Lipid A and phospholipids were extracted from all samples for analysis by negative ion MALDI-TOF and ESI-MS mass spectrometry, respectively, and the 6 h and two week representative samples are shown in this figure. (A) Activation of the acyl-transferase PagP adds a C16 chain to lipid A on the 2-position primary acyl chain, resulting in a m/z of ~2035. (B) Modification of phospholipids by cyclopropanation of one unsaturated double bond is catalyzed by CFA synthase. Transcripts of CFA synthase increased at late times (green) consistent with modification of PE whereas the level of CFA protein stayed relatively flat at late time points. (C) As represented here by the 6 h sample, lipid A from all samples collected between 3 and 48 h contained one major peak at ~1797 m/z corresponding to wild type, hexa-acylated lipid A. As illustrated on the right by the two week sample, the one and two week (168 and 336 h) time points showed the addition of the C16 chain to lipid A. (D) Phosphatidylethanolamine (PE) is shown and similar results were also obtained for phosphatidylglycerol (PG).
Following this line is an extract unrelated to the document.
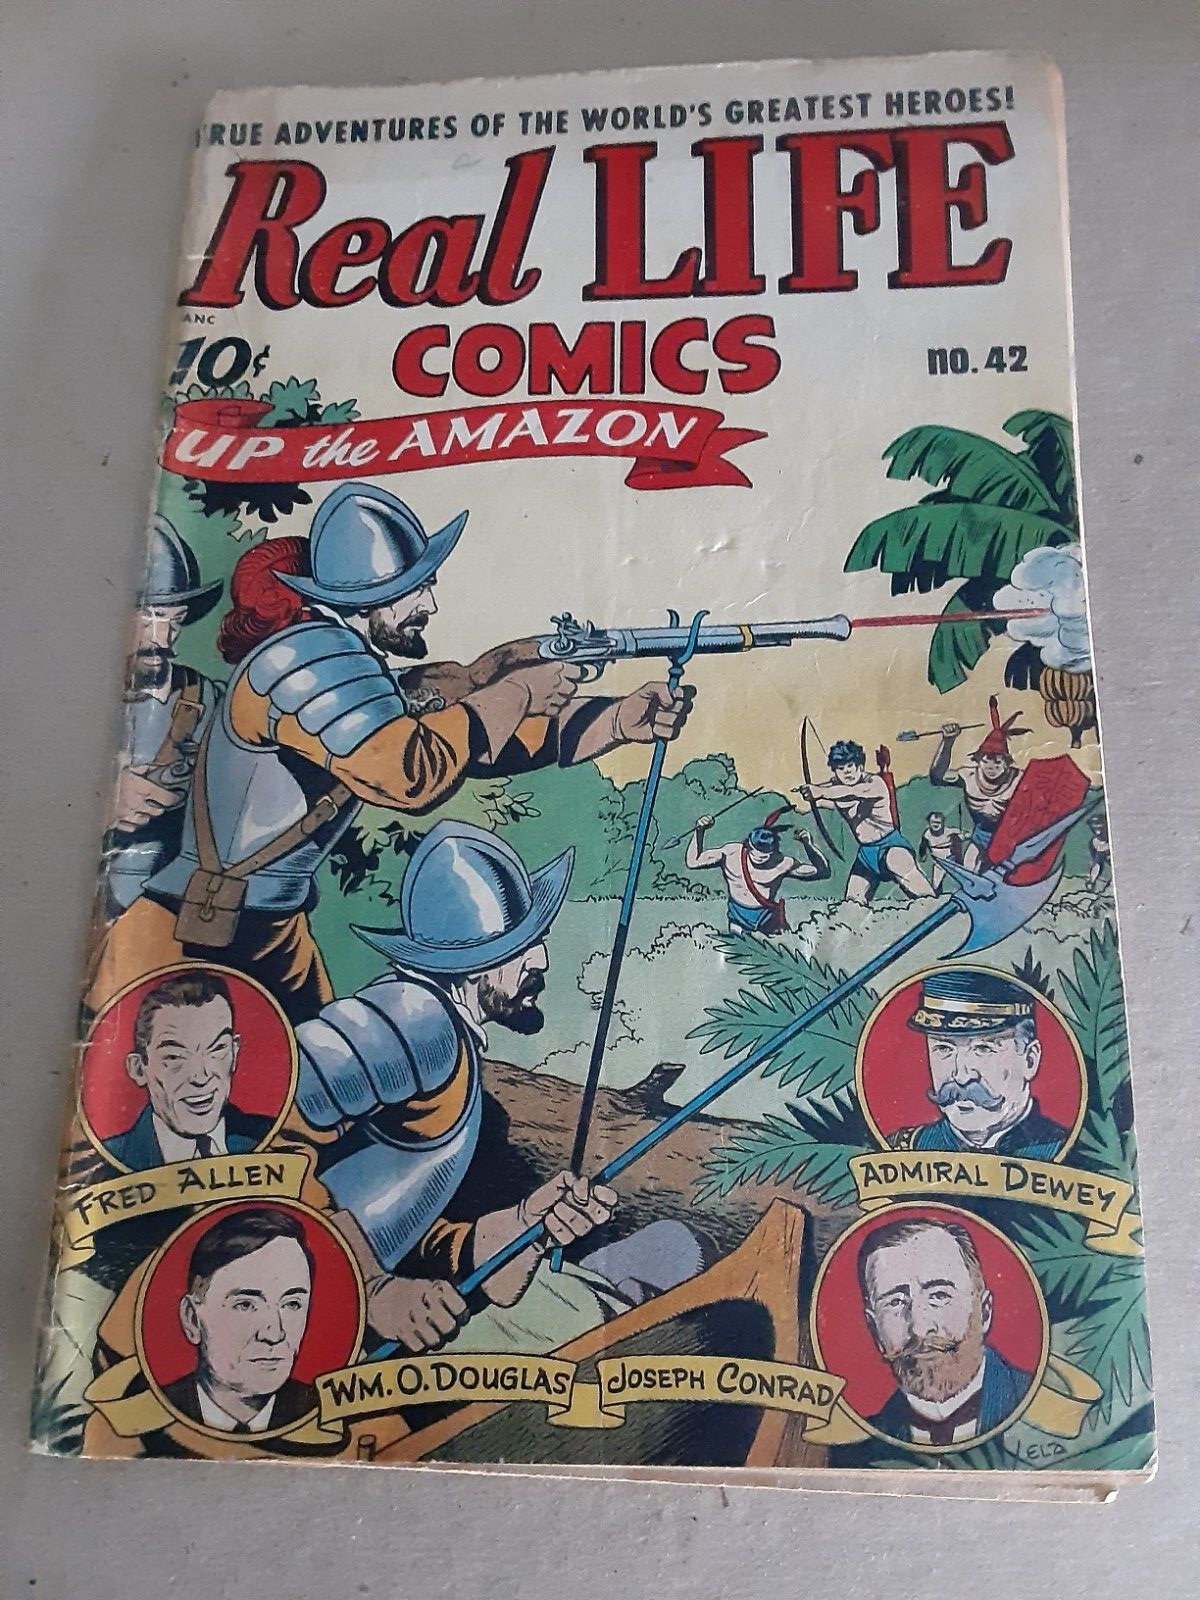 REAL LIFE COMICS 42 CGC 6.0 ALEX SCHOMBURG UP THE AMAZON NEDOR COMICR 1947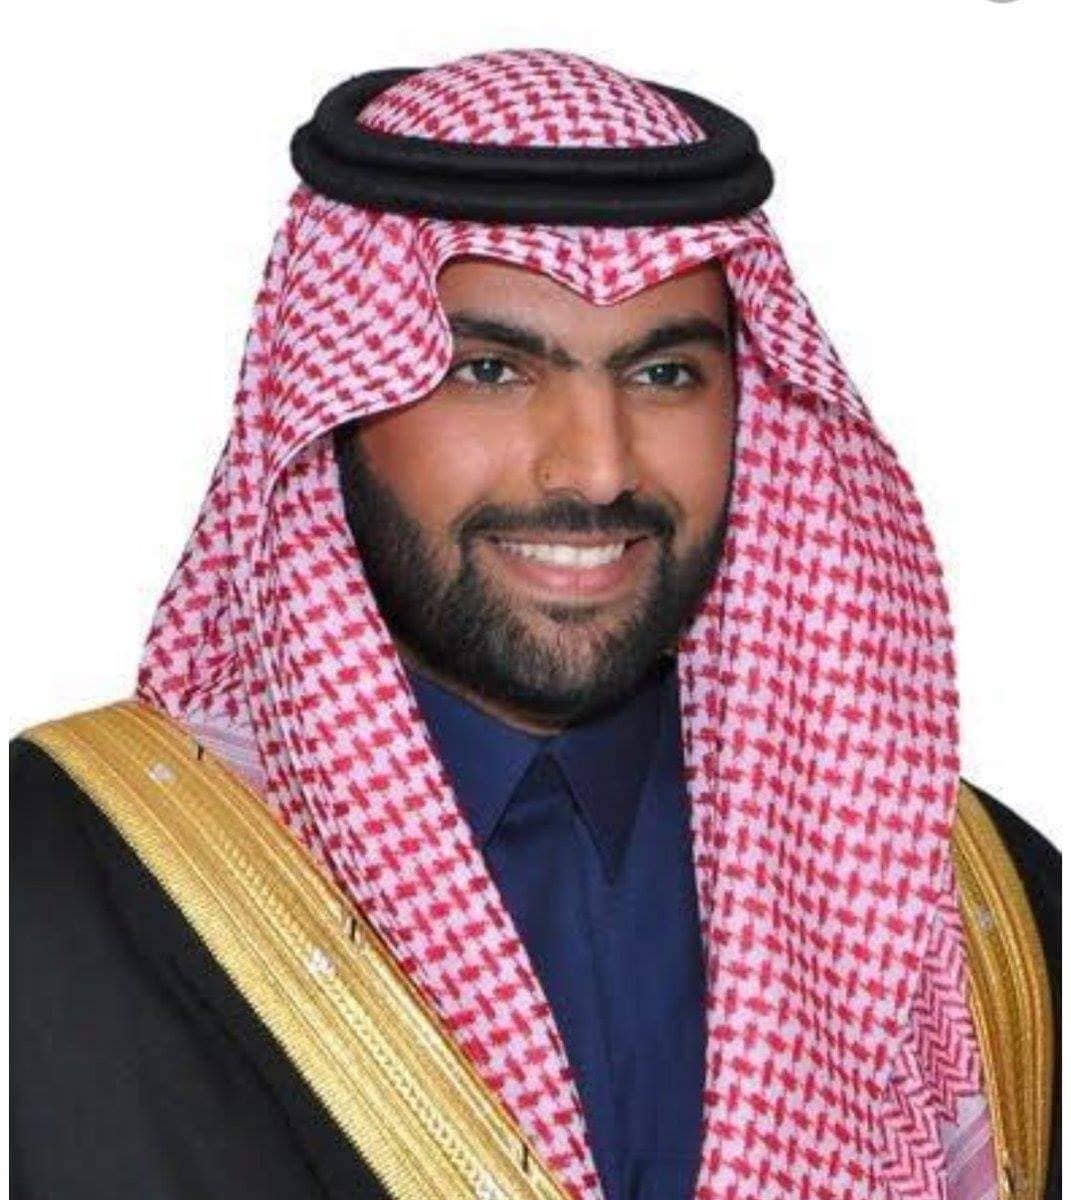  الأمير بدر بن عبدالله بن فرحان ال سعود

The phospholipid profiles of the samples remained relatively consistent with wild-type E. coli phospholipid profiles until hour 8, when a gradual increase in a peak ~702.5 m/z began. This peak became the predominant species by two weeks. Its mass corresponds to the cyclopropanation of one unsaturated double bond within a PE molecule containing acyl chains totaling 33 carbons distributed between the two acyl chains.
Fig 6
Fig 6. Summary of key results.
(A) Cells are starved around 6–8 h after the initiation of growth, and the cell viability (and OD600) remained constant up until at least one week. At two weeks, however, there was a decrease of 38% in viability. (B) The relative fraction of rRNA (compared to all RNA) stayed fairly constant through the entire time course, as did the fraction of tRNA (in non-rRNA depleted samples). On the other hand, relative levels of mRNA decreased upon entry to stationary phase perhaps as a strategy for reducing overall protein synthesis. As a reference we also analyzed RNA fractions for the rRNA-depleted samples, to demonstrate that this reduction of mRNA levels was not simply due to the low relative counts of mRNA compared to rRNA in the nondepleted samples. Note that the rRNA-depleted samples still contained residual amounts of rRNA, as shown. (C) Phospholipids and lipid A were modified in a manner consistent with the activation of stress responses. Modifications began early in the stationary phase and slowly increased during the time course for up to two weeks. (D) Transcriptional changes (measured by mRNAs) separated into at least two temporal domains, before and after stationary phase. A possible third region corresponded to late transcriptional changes observed at two weeks. All changes in regulation had begun by 10 h. At this point stress response genes were up-regulated and energy intensive processes were down-regulated. (E) Approximately 20% of the measured protein levels were proportional to their transcript levels over time while 15% of the protein levels integrated their transcript’s response over the entire duration of the experiment. This observation highlights that differences in post-transcriptional regulation, such as protein degradation, cause differences in regulation between mRNAs and their expressed proteins.